WORK ORDER: Among the entries below, which lines run from the line with "Piazza del Castello, Torino." through the line with "PREP Derma Protective"? Retype those, both ends included, exactly and without pictures.

MATERIALS PROVIDED:

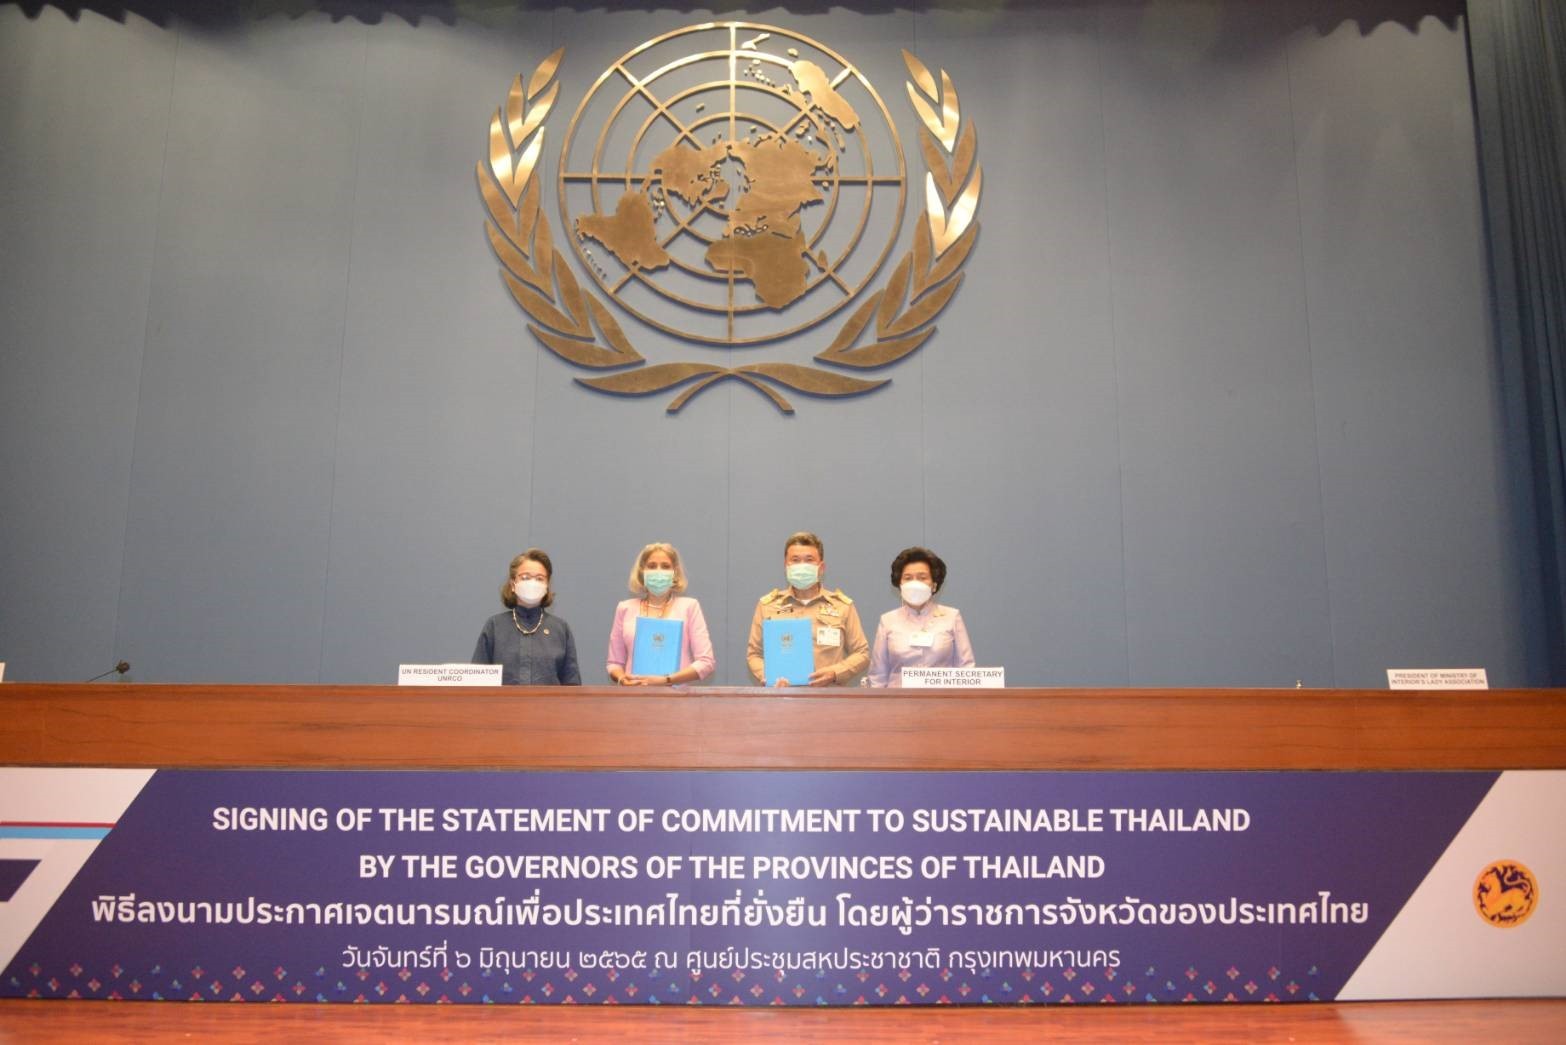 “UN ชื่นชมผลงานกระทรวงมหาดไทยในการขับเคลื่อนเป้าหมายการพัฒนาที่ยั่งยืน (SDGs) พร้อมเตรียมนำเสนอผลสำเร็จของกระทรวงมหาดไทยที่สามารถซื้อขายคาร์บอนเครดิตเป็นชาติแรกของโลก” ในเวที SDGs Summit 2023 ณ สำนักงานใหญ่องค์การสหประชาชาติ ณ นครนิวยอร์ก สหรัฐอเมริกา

...

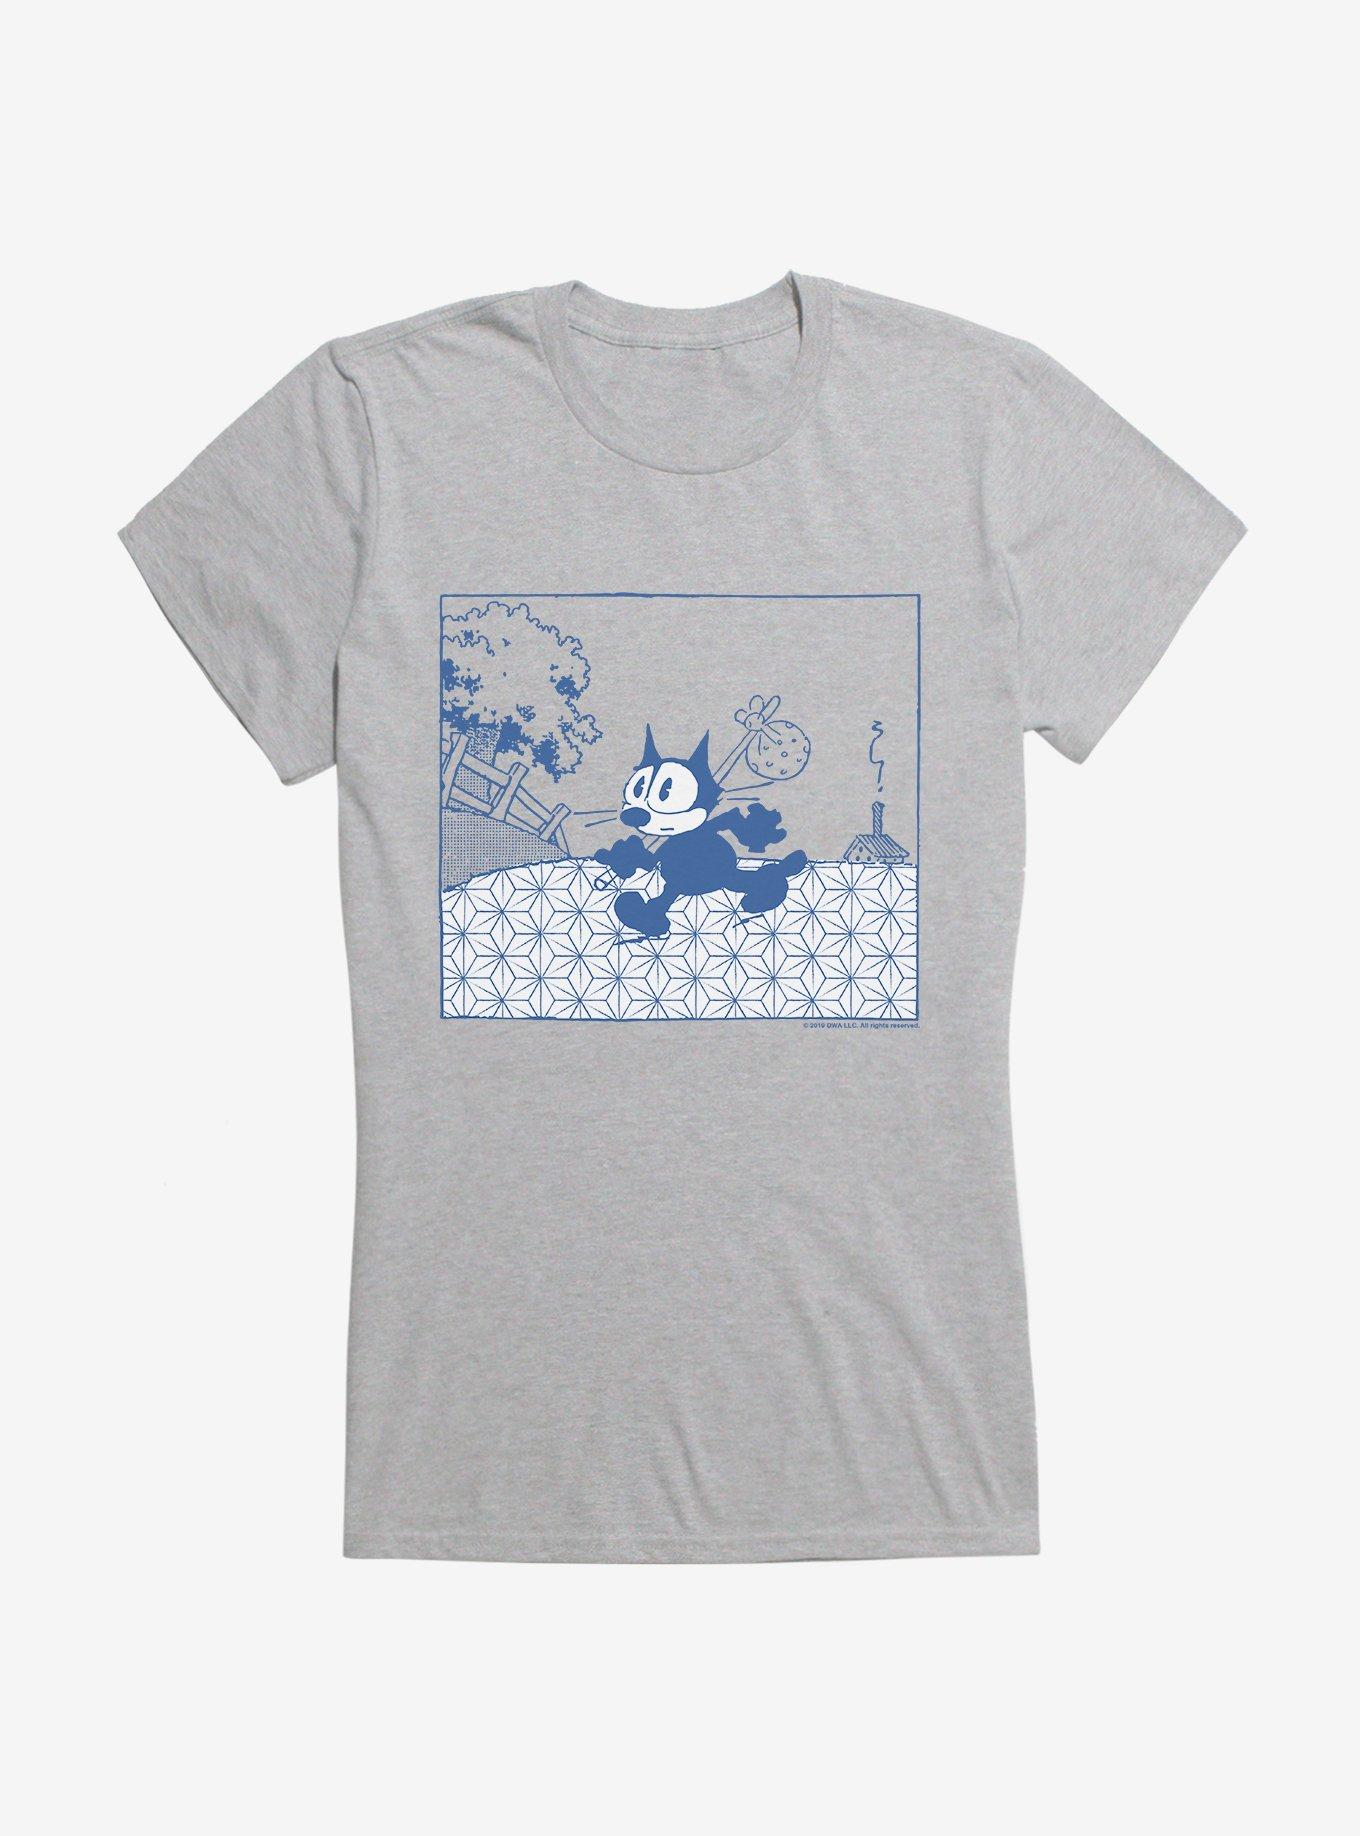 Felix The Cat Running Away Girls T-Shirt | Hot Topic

---

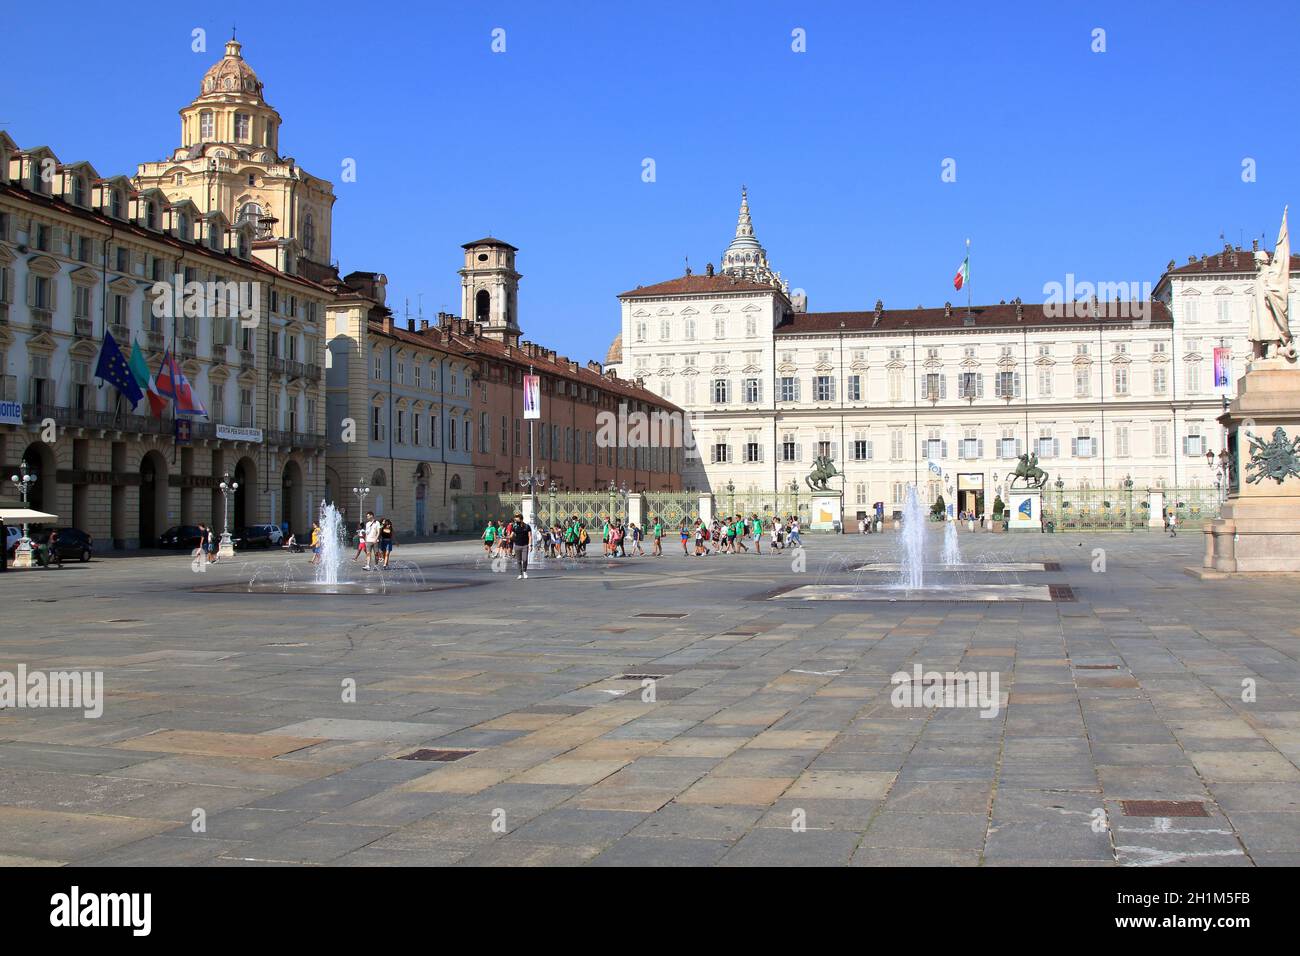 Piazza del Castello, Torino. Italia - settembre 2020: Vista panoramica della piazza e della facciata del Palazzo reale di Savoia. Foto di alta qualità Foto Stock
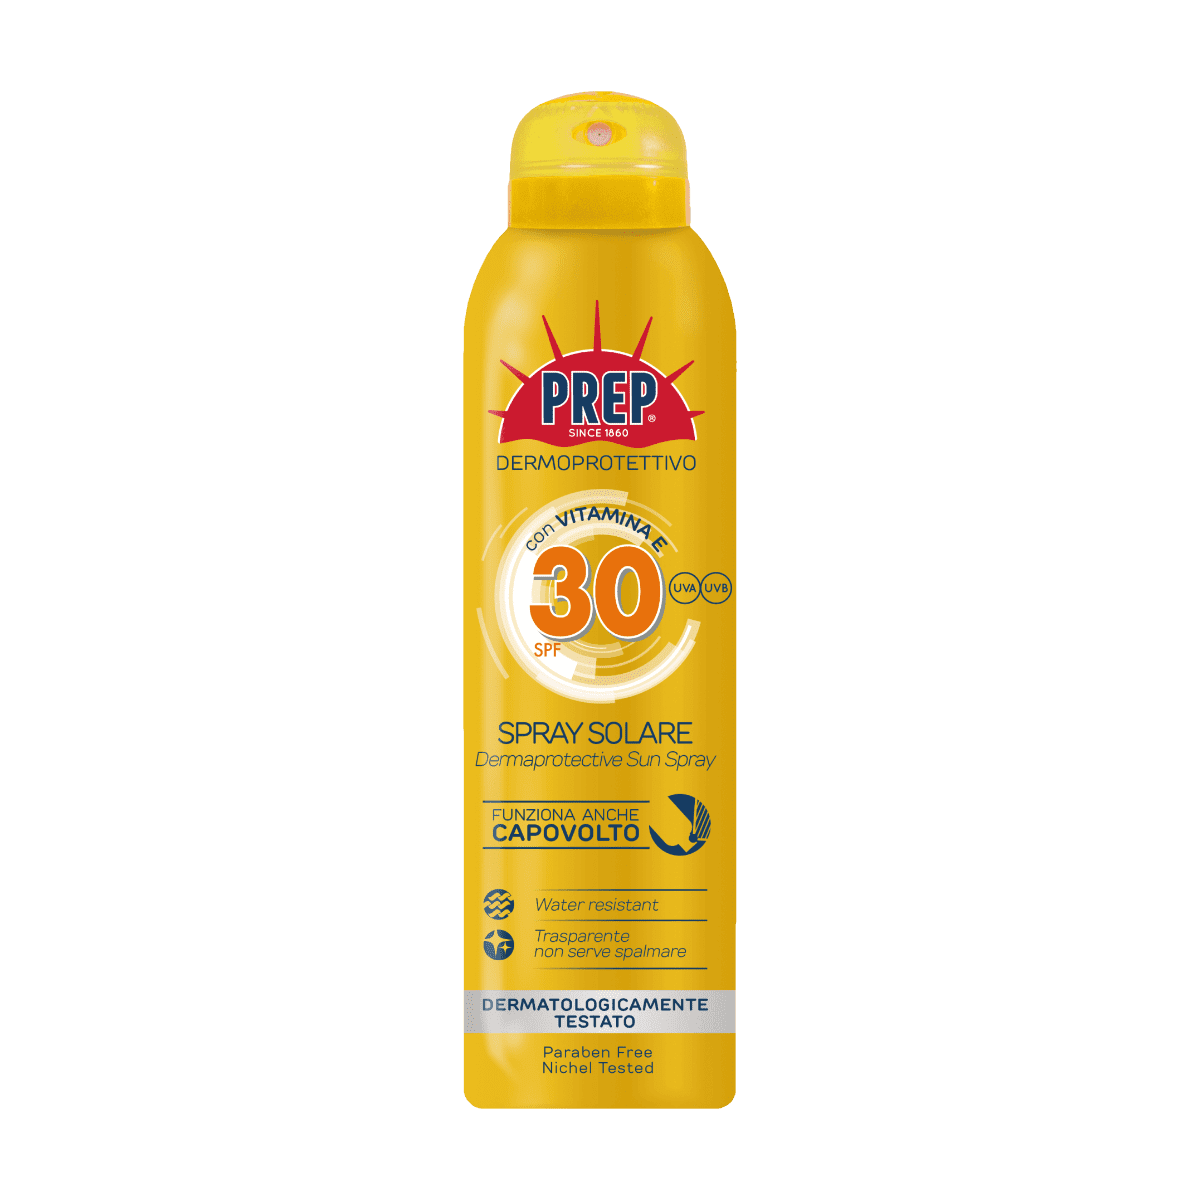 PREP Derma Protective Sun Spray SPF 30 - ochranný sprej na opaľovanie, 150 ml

WRITTEN SOLUTION:
 Piazza del Castello, Torino. Italia - settembre 2020: Vista panoramica della piazza e della facciata del Palazzo reale di Savoia. Foto di alta qualità Foto Stock
 PREP Derma Protective Sun Spray SPF 30 - ochranný sprej na opaľovanie, 150 ml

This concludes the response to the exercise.